(Requirement) Only the pictures are to be dropped; return all other data below exactly.

(Data provided)
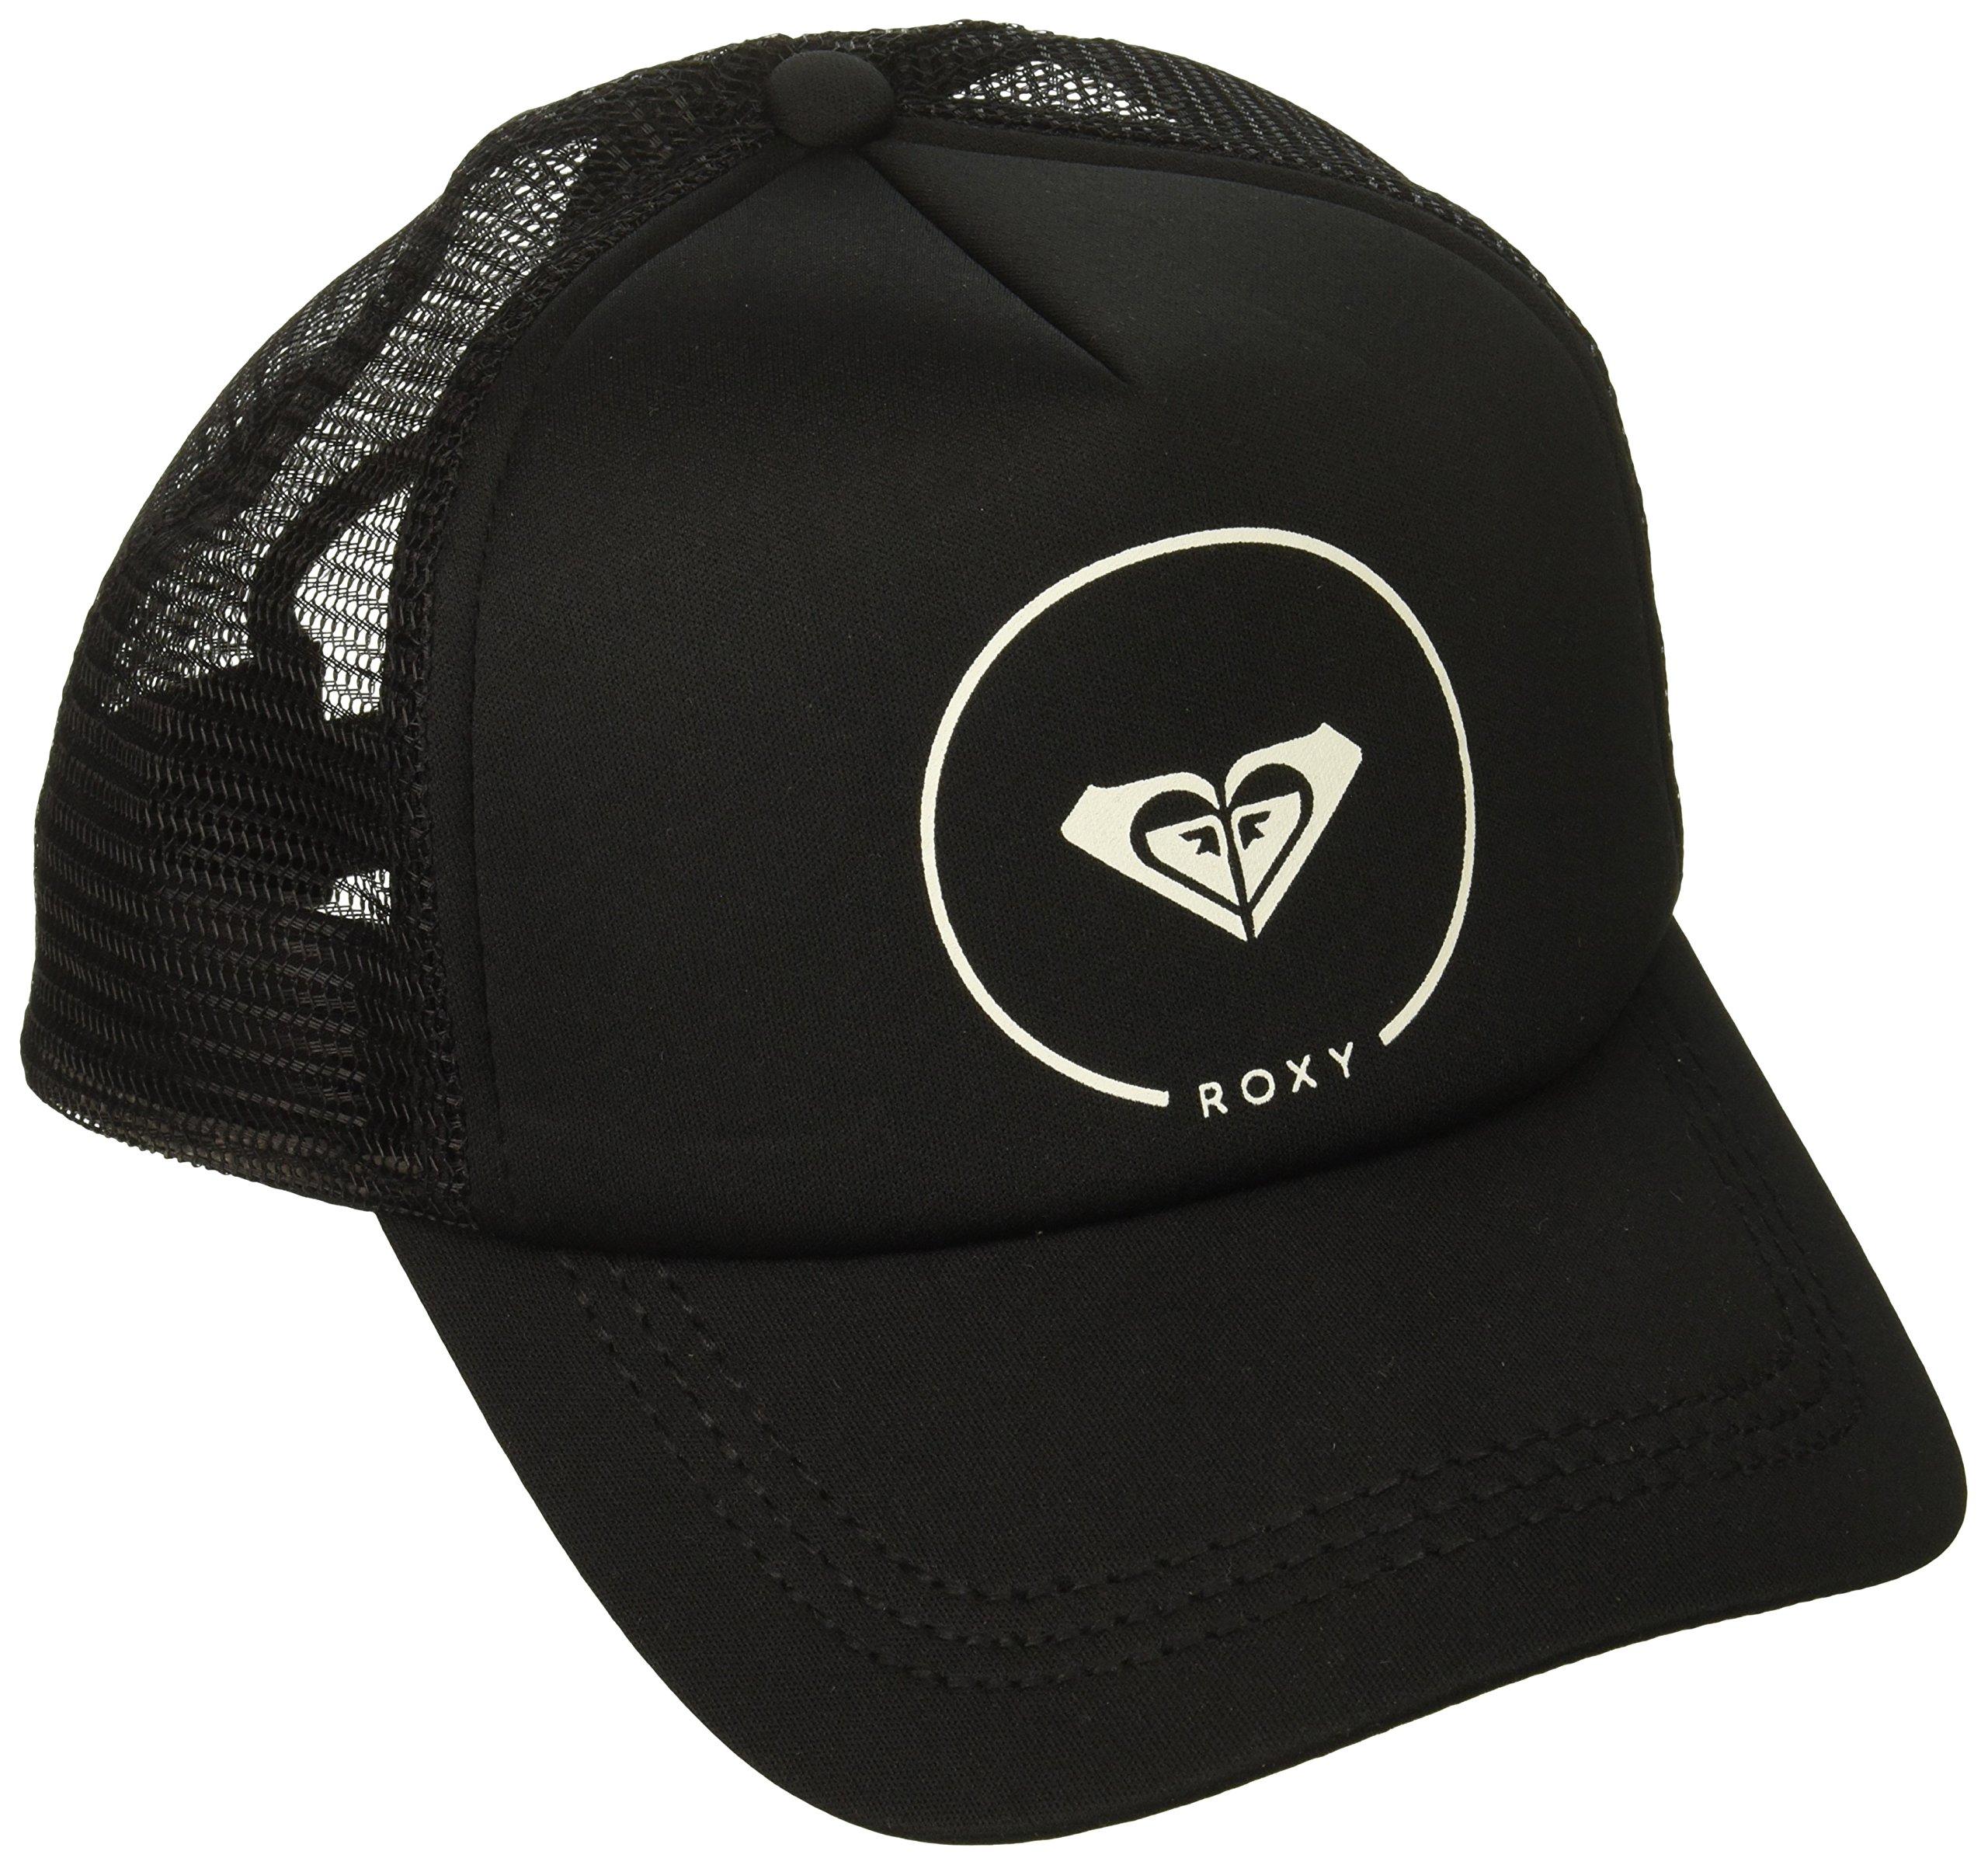 Roxy Women's Truckin Trucker Hat, Black Anthracite, 1SZ
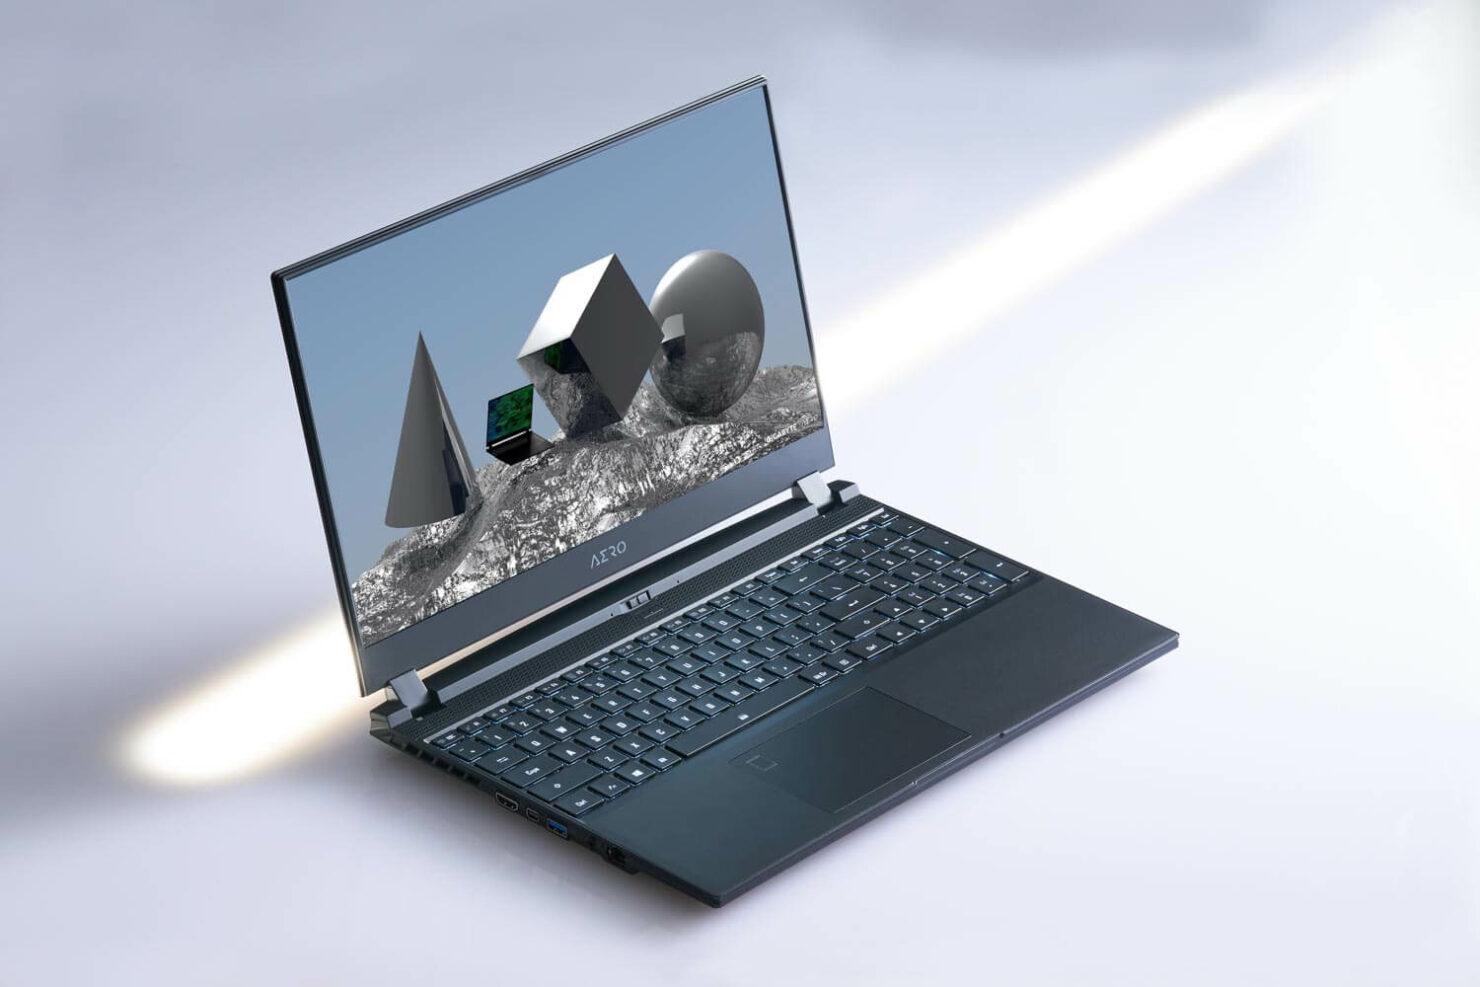 aero-intel-11th-gen-laptop-1-1
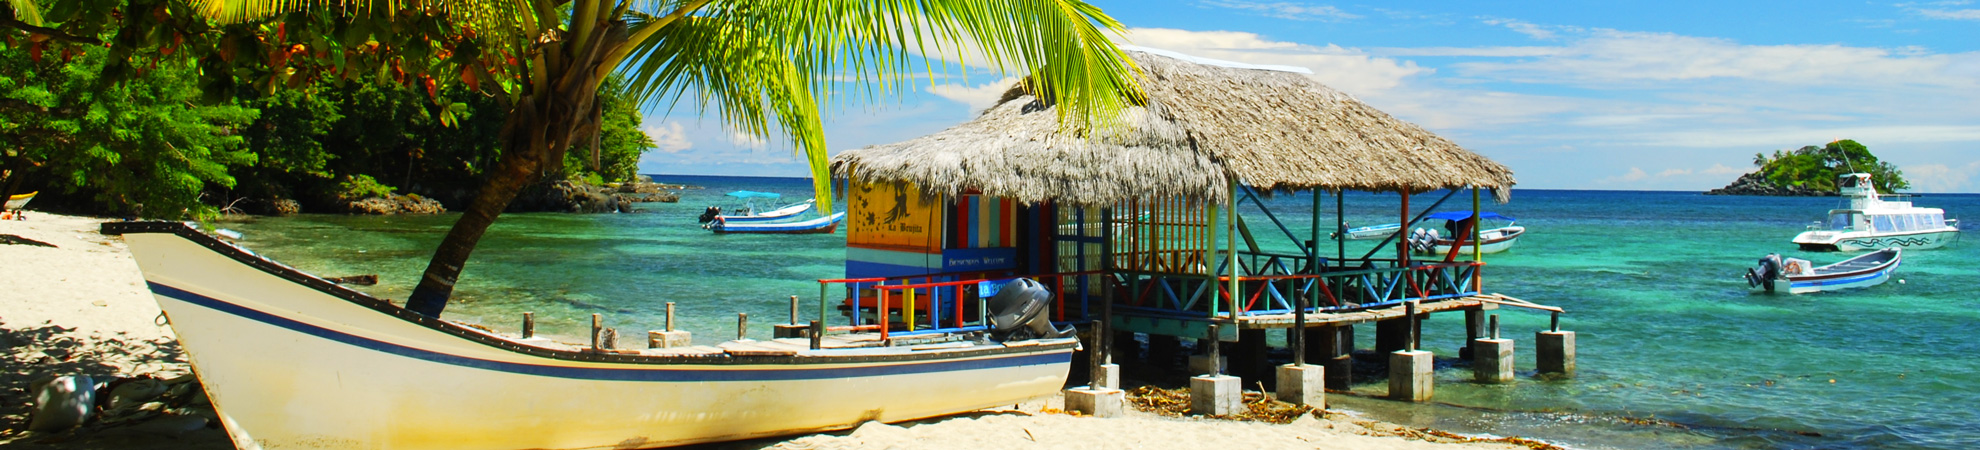 Organisez votre séjour Costa Rica
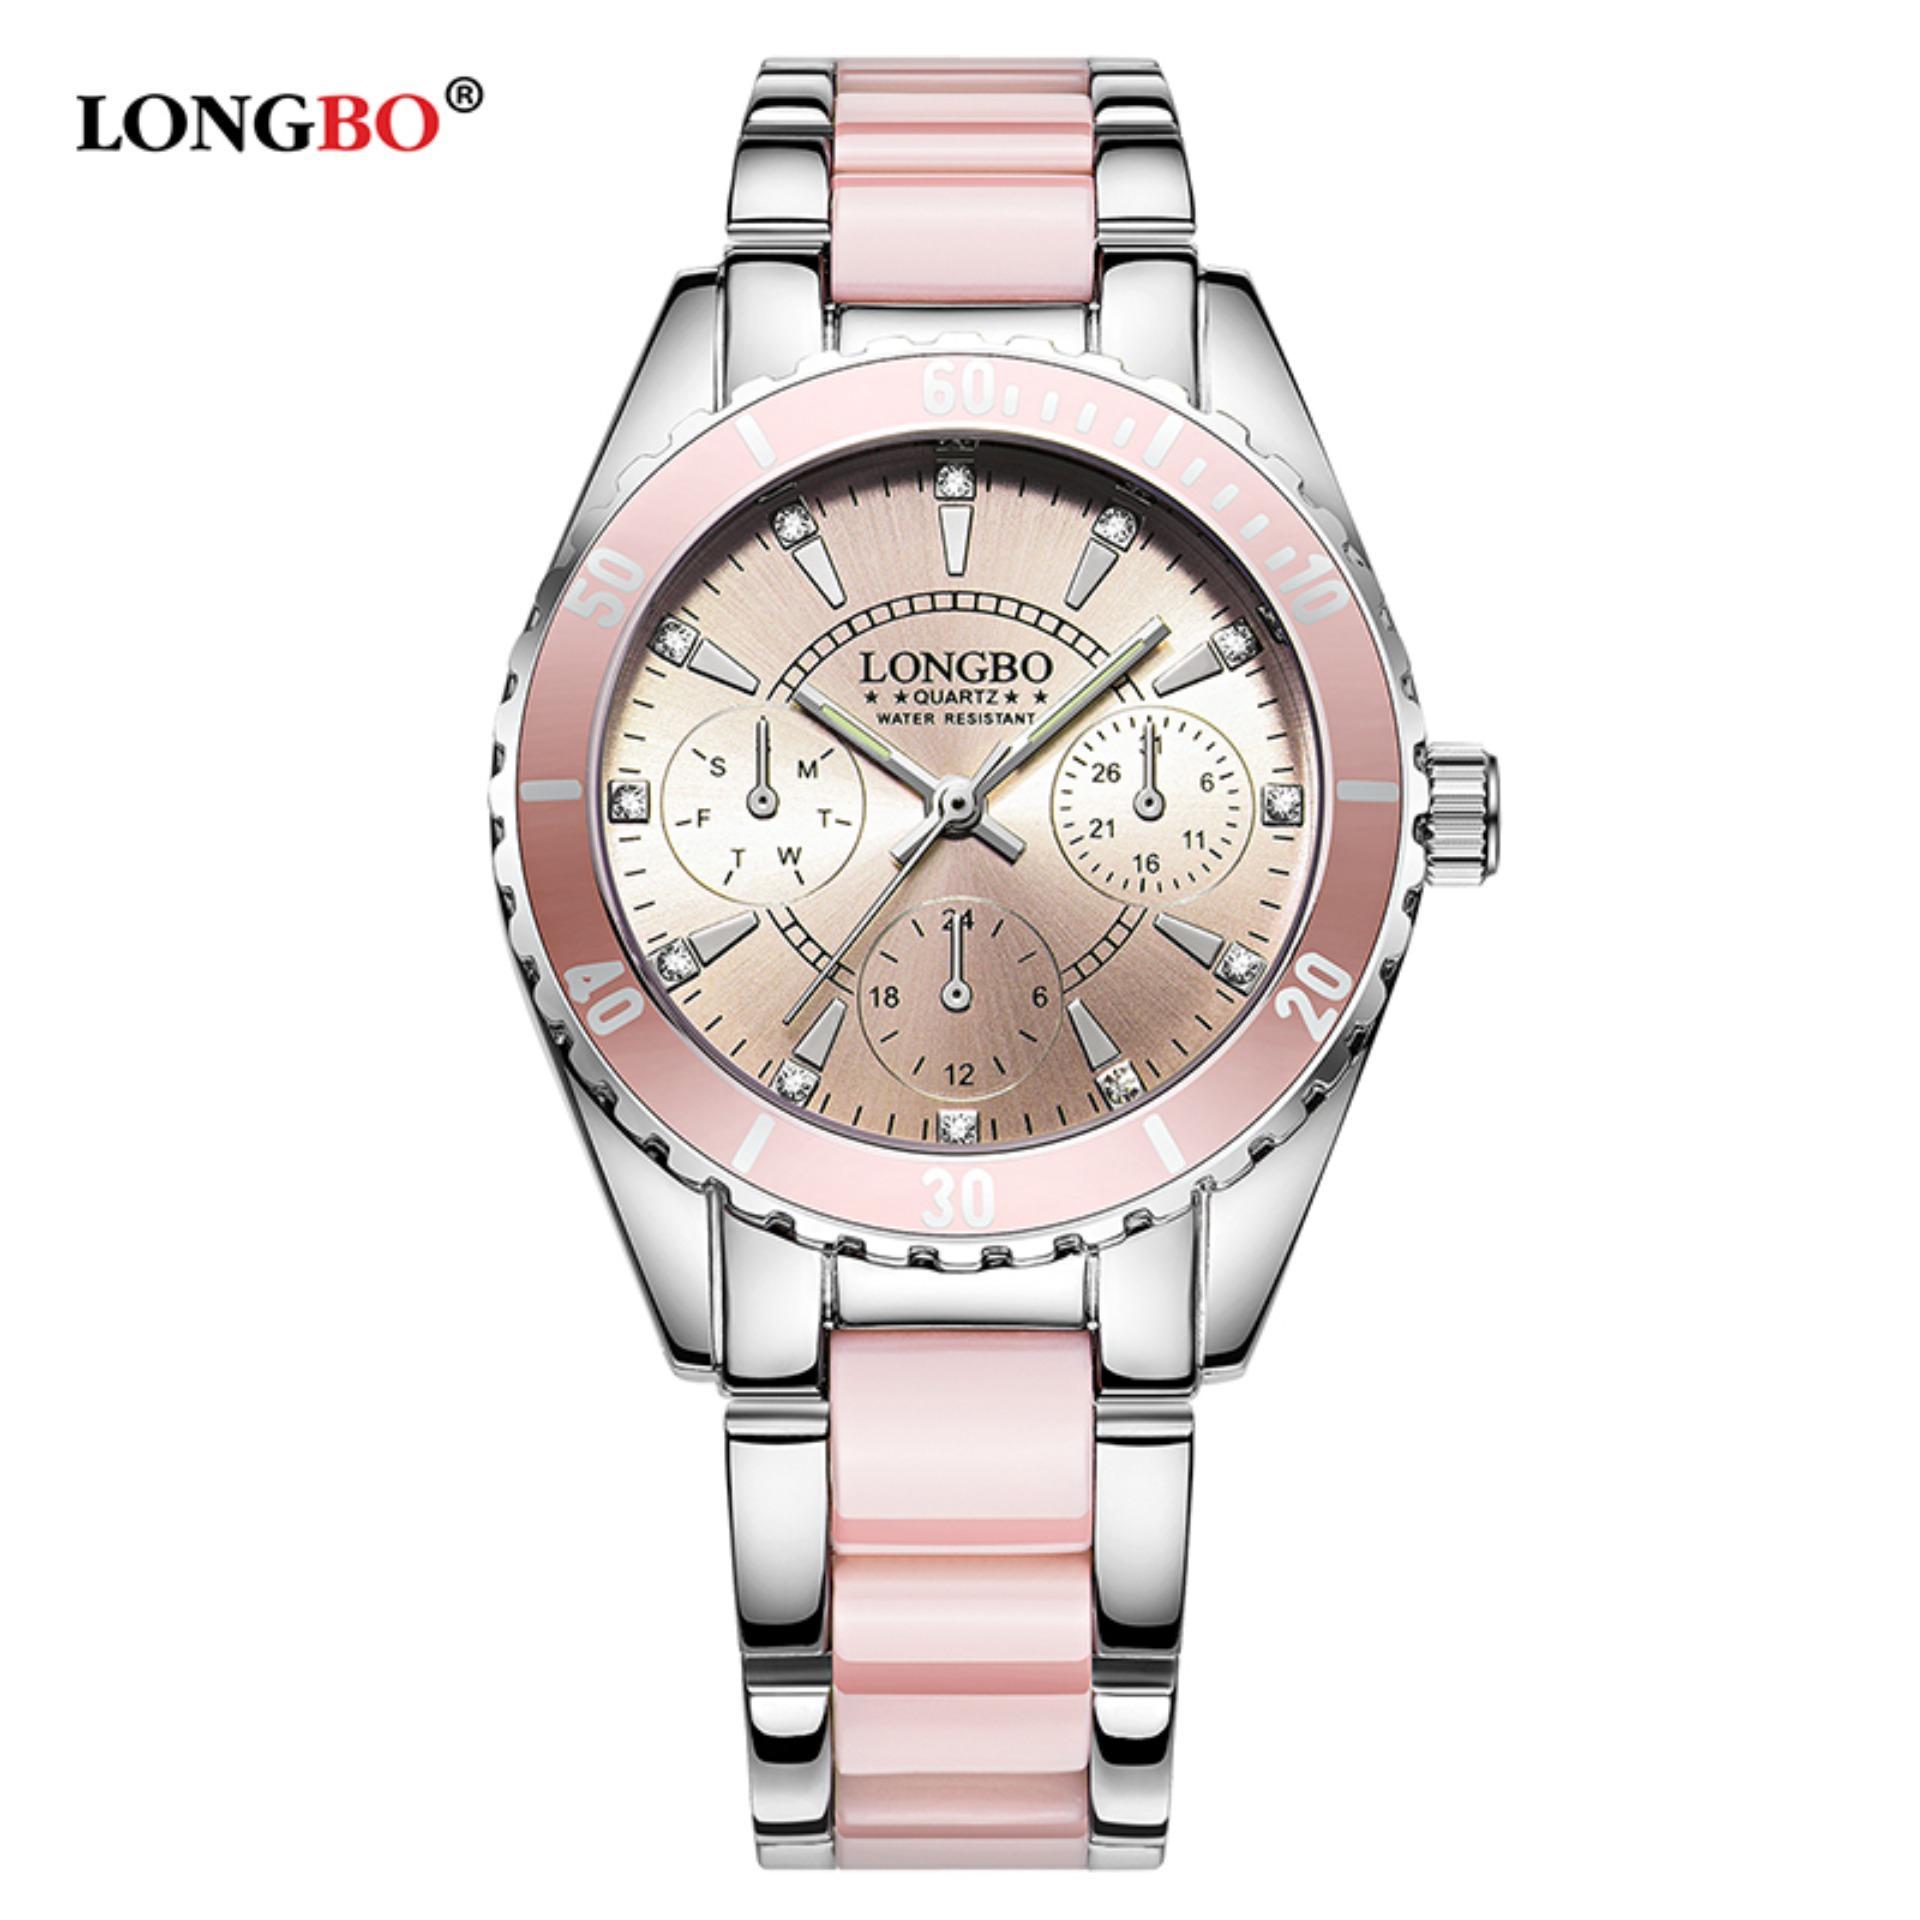 LONGBO Fashion Kasual Keramik Watchband Kasual Anolog Wanita Wanita Cewek Lihat Jam Tangan 80303L-Intl

(Answer space)
 Roxy Women's Truckin Trucker Hat, Black Anthracite, 1SZ
 aero-intel-11th-gen-laptop-1-1
 Organisez votre séjour Costa Rica
 LONGBO Fashion Kasual Keramik Watchband Kasual Anolog Wanita Wanita Cewek Lihat Jam Tangan 80303L-Intl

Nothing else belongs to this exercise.